Additionally in ESOL maths classes you will need to name all the equipment in use, which is just the kind of activity that can be forgotten for ESOL learners, as when teaching native English speakers we take knowledge of all that vocabulary for granted.

Lessons on the metric and imperial systems are an ideal opportunity for teaching or revisiting comparatives and superlatives, and it works for measuring lengths, weights and capacities. For instance, I might ask a group, usually in pairs, to measure the length of five objects, then as an extension for early finishers, ask them which object is the longest, which is the shortest? You could then ask them which object is the heaviest, which is the lightest? Is the longest object also the heaviest? This work can then be discussed with the whole group.

Capacity

Capacity is the one that most often fools people; we tend to believe that the tallest container will hold the most, but this is often a marketing ploy and not the case at all, which can be a revelation to both native English speakers and ESOL learners. In addition to helping your learners with English you might turn them into savvy shoppers! For me this lesson involves water, and you will need some one litre cubes to show learners the basis of the metric system.

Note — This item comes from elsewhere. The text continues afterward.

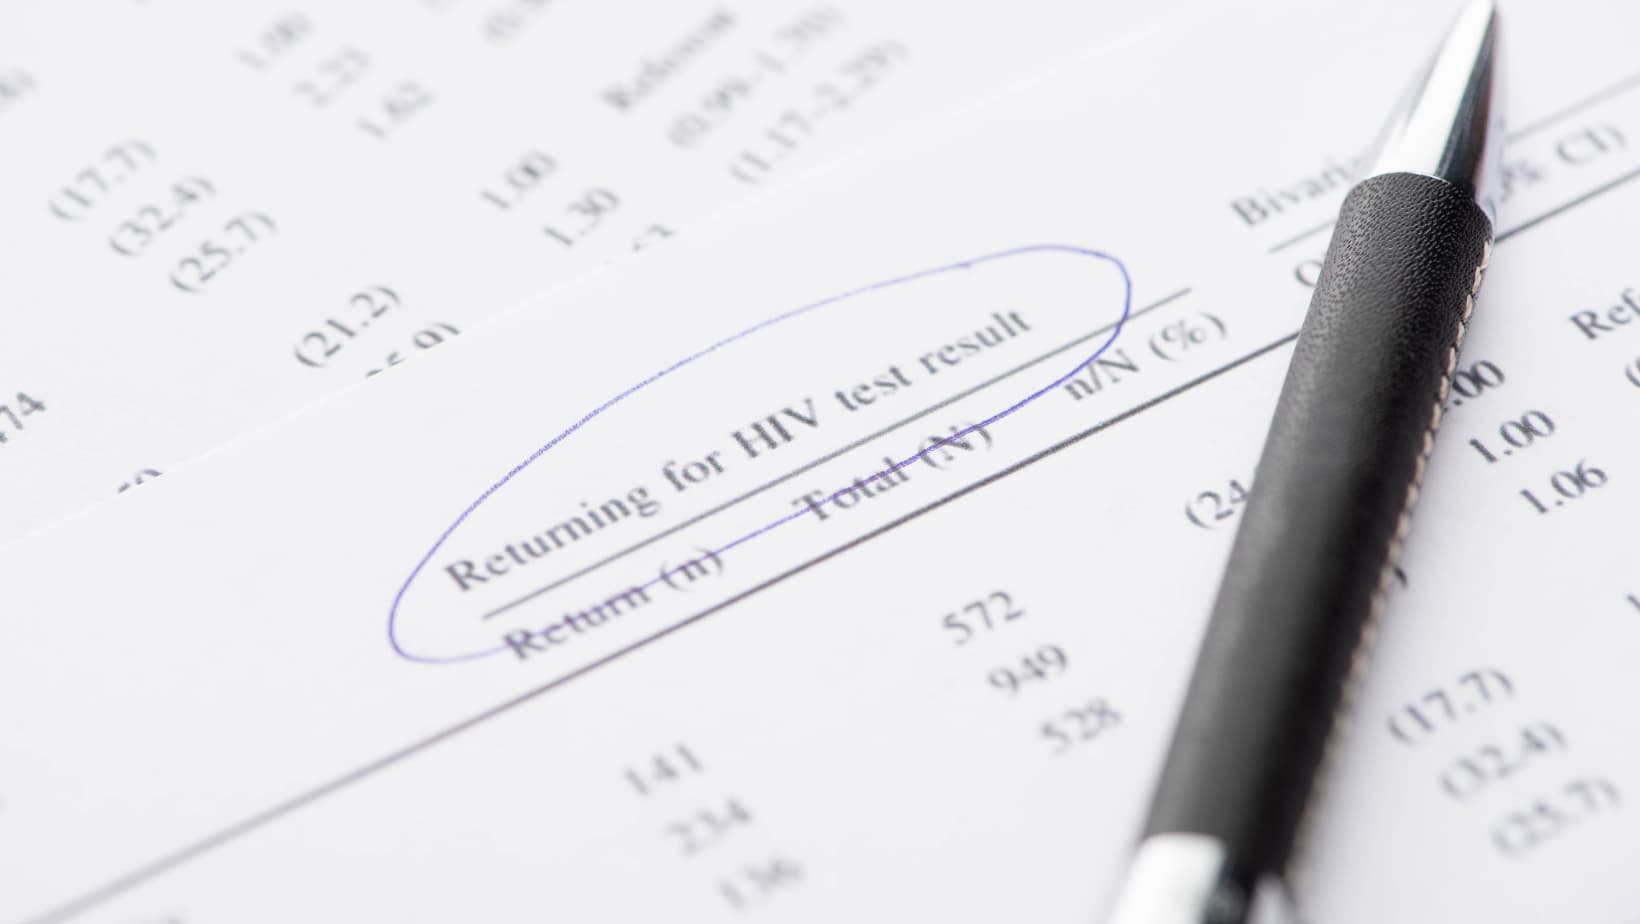 Accuracy of HIV laboratory and rapid tests

Basis of the Metric System

The metric system is based on plain water, as this is the one universal wherever you go in the world. A one litre cube measures ten centimetres by ten centimetres by ten centimetres, so its volume is 10 x 10 x 10 = 1000 cubic centimetres. This cube holds one litre of water and the weight of that water is one kilogram. You have to admit that it is very clever! It is also very memorable to learners, as when you hand them a jug or bottle containing a litre of water, because it is so much taller than the cube most people think the water won’t fit in, they are on tenterhooks whilst the pouring is going on!

Latin Roots

The other aspect I show learners is how the language is derived from Latin, as many languages have Latin roots:

• ‘milli’ means thousandths so there are 1000 millimetres in a metre, 1000 milligrams in a gram and 1000 millilitres in a litre;

• ‘centi’ means hundredths so there are 100 cm in a metre and 100 cl in a litre.

• ‘kilo’ represents thousand, so there are 1000 metres in a kilometre, and 1000 grams in a kilogram.

• Learners may know other words that sound similar that will prompt discussion, such as millennium and century, or they can be encouraged to look for similar words in a dictionary.

As you can see from the table showing metric imperial comparisons and equivalents, this is also a useful topic to teach or revisit the language of approximation and estimation, a topic that not all learners or cultures find very easy but which is tested from Entry 3 upwards in FS Maths exams.

Up to Level 1 FS and Adult maths learners will need to know all the metric equivalents, such as 100 cm is a metre; at Level 2 and GCSE Maths learners will also be asked to do conversions between the two systems, but they will always be given a conversion rate for this, such as ‘there are 2.5 cms in a foot, how many centimetres in 3 feet?’ No-one expects anyone to remember the imperial equivalents, such as the number of ounces in a pound, and these will always be given if needed for an answer.